My primary view is that implied terms are unnecessary because of my interpretation of Clause 2 of the June 209 Agreement. They would not be necessary for the contract to work: see Liverpool City Council v Irwin [1977] A.C. 239. But it seems to me that SOM cannot have it both ways; if they are entitled to seek a bid from Jacobs before deciding whether or not to award or offer Jacobs a contract, then Jacobs are entitled to consider, and if appropriate, to refuse to bid for that contract. Both parties’ rights and liabilities in that situation would have to be governed by implied terms because the June 2009 agreement was entirely silent on such matters.
On behalf of Jacobs, Ms. Ansell submitted that for an offer to comply with Clause 2, it had to be a suitable project, which meant a project which Jacobs could reasonably be expected to undertake, or could not reasonably refuse to undertake.

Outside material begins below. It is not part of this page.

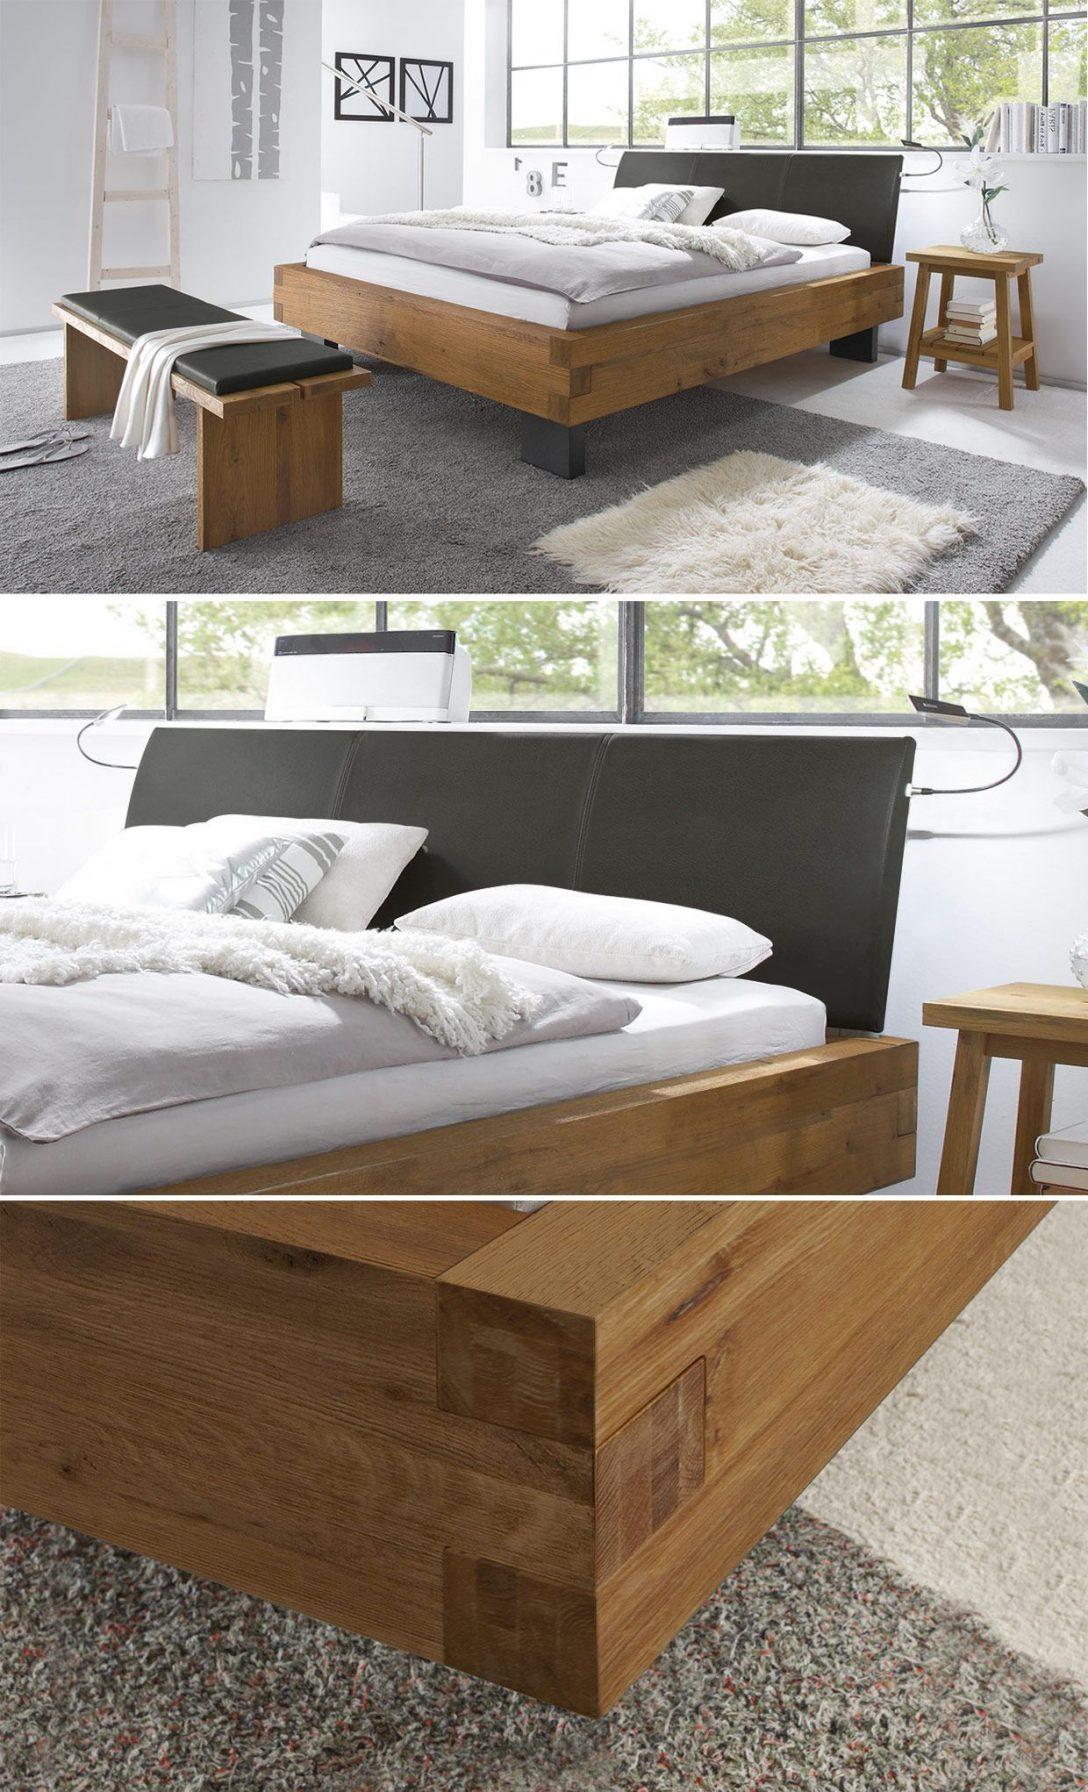 Large Size of Bett Modern 140x200 Beyond Better Sleep Pillow Eiche Design Holz Betten 120x200 Leader Kaufen 180x200 Italienisches Puristisch Günstig Bette Duschwanne Ruf Wohnzimmer Bett Modern

In this situation (which is, as I have explained, some way from my primary findings), I accept that there would be an implied term that would allow Jacobs to refuse to bid for work which they reasonably considered that they could not undertake for reasons of capability, logistics or timetabling. It would, I think, be a nonsense if the June 2009 agreement meant that Jacobs were required to bid for any contract of which SOM chose to notify them, regardless of their other capabilities or commitments. In that situation, as Ms. Ansell rightly noted, Jacobs would be forced into either foregoing their rights under Clause 2, without proper compensation, or bidding for what they felt was work they could not, or should not, do. That, it seems to me, would make the June 2009 agreement unworkable, so the necessity test, and the implication of terms to make the agreement workable, would then be met.

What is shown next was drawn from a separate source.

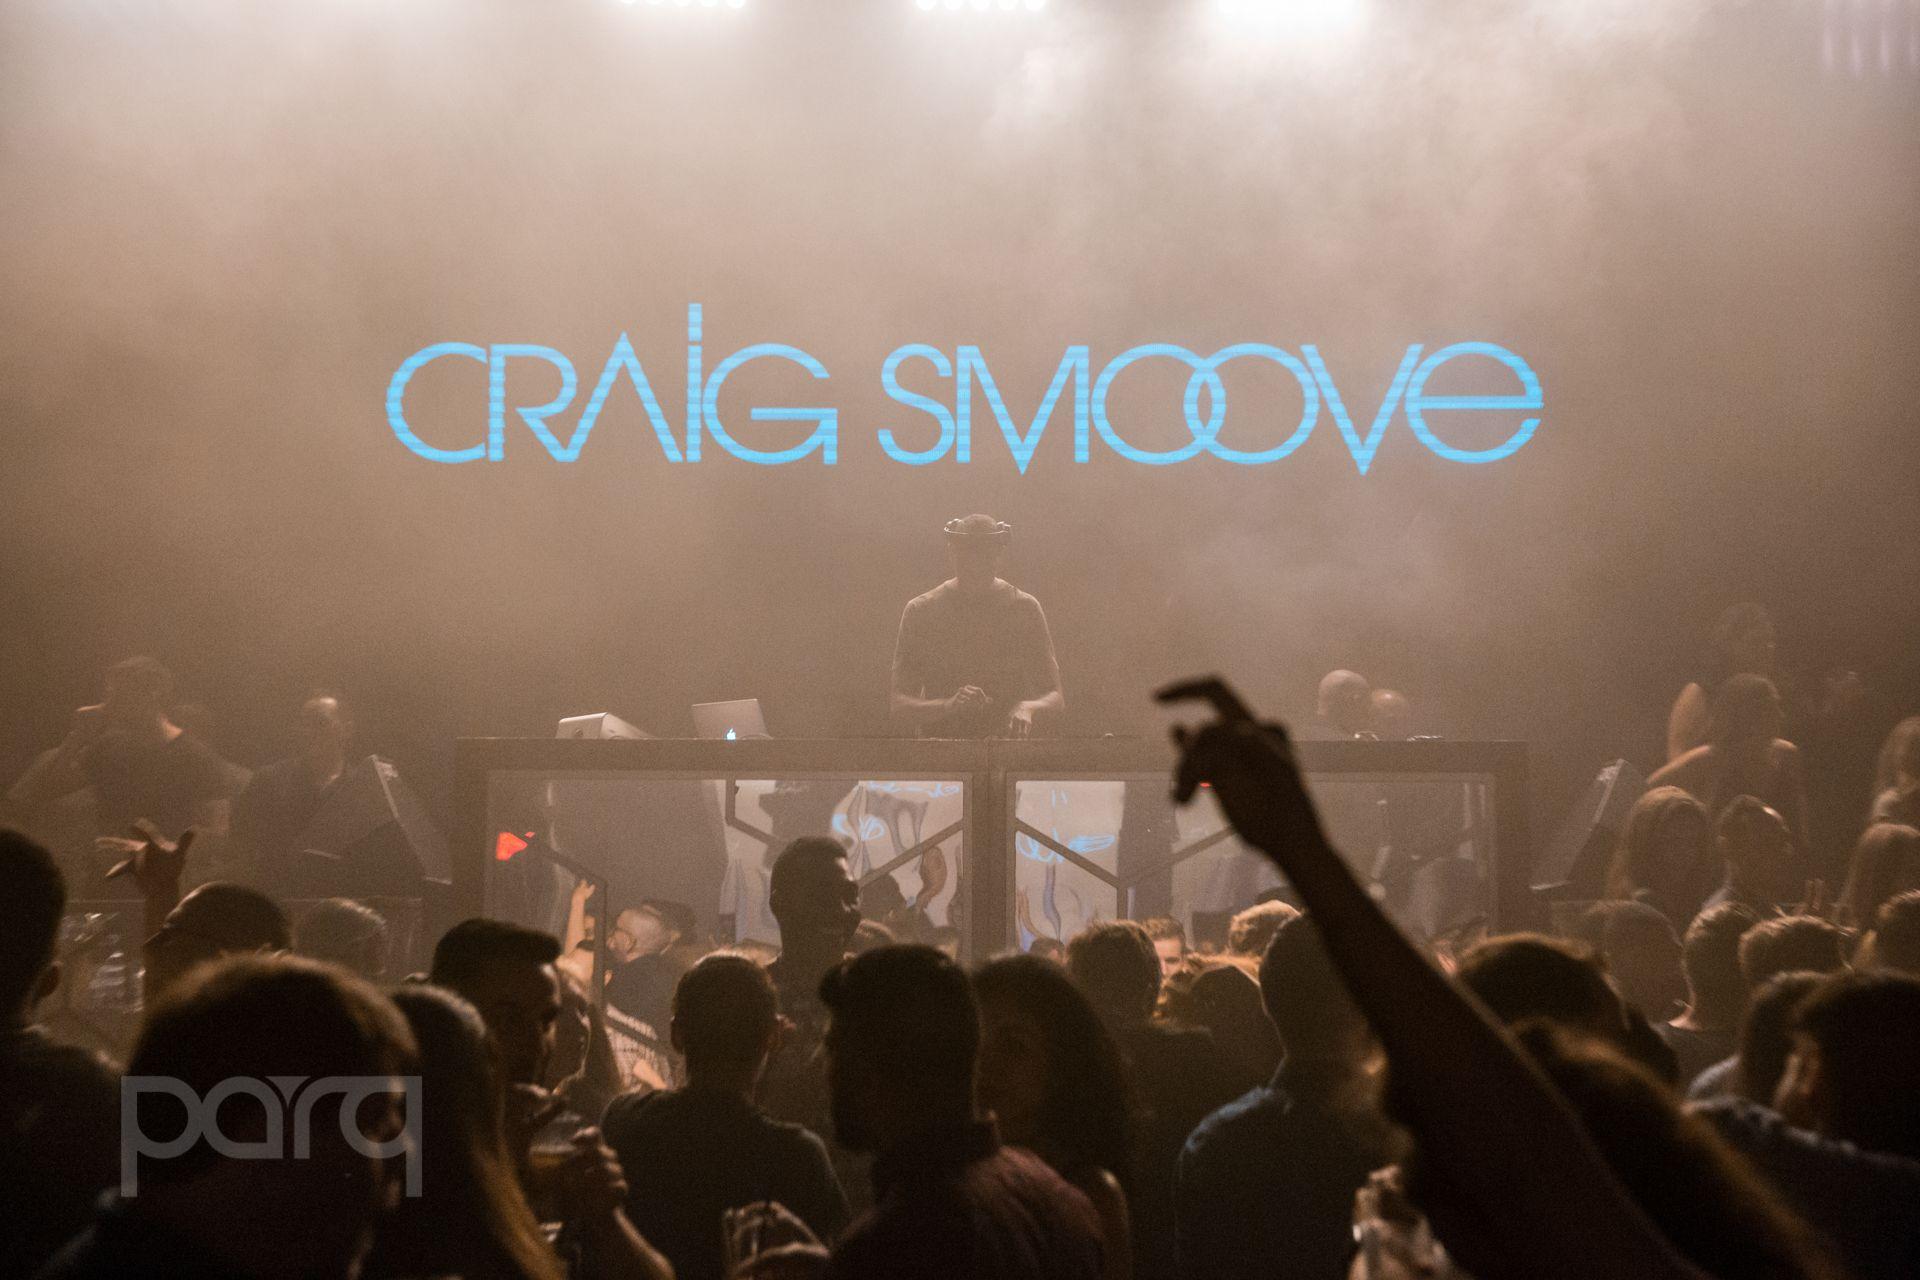 07.07.17  Craig Smoove-1.jpg

It does seem to me that the necessity for such terms on this interpretation of the agreement is emphasised by SOM’s own position on the facts. According to the information that they provided to Jacobs at the time, SOM were only asking Jacobs for a bid at all because SOM’s own MEP teams, who had been involved in the conference centre project at the outset, were suddenly committed elsewhere. If SOM could, for wholly acceptable commercial reasons, pick and choose which contracts they offered to Jacobs, and which they did not, then Jacobs were entitled to respond in kind and, again for wholly acceptable commercial reasons, decline to bid for such contracts if, in the circumstances, that was a reasonable and appropriate course.
For the avoidance of doubt, I find that through Mr. Stewart, Jacobs tried hard to find ways in which they could bid for this project. In the end they felt they could not do so. Their reasons for not bidding, which are both in writing and were emphasised in the oral evidence yesterday, are summarised above. I consider they acted reasonably in all the circumstances. Thus, even if the email of 2nd March was an offer of contract in accordance with Clause 2, Jacobs were entitled to decline to bid without adversely affecting their rights under the June 2009 agreement.
CONCLUSION
For all of those reasons, I consider that Jacobs’ claim succeeds in the sum of £498,750. I will deal separately, if requested, with all matters of interest and costs.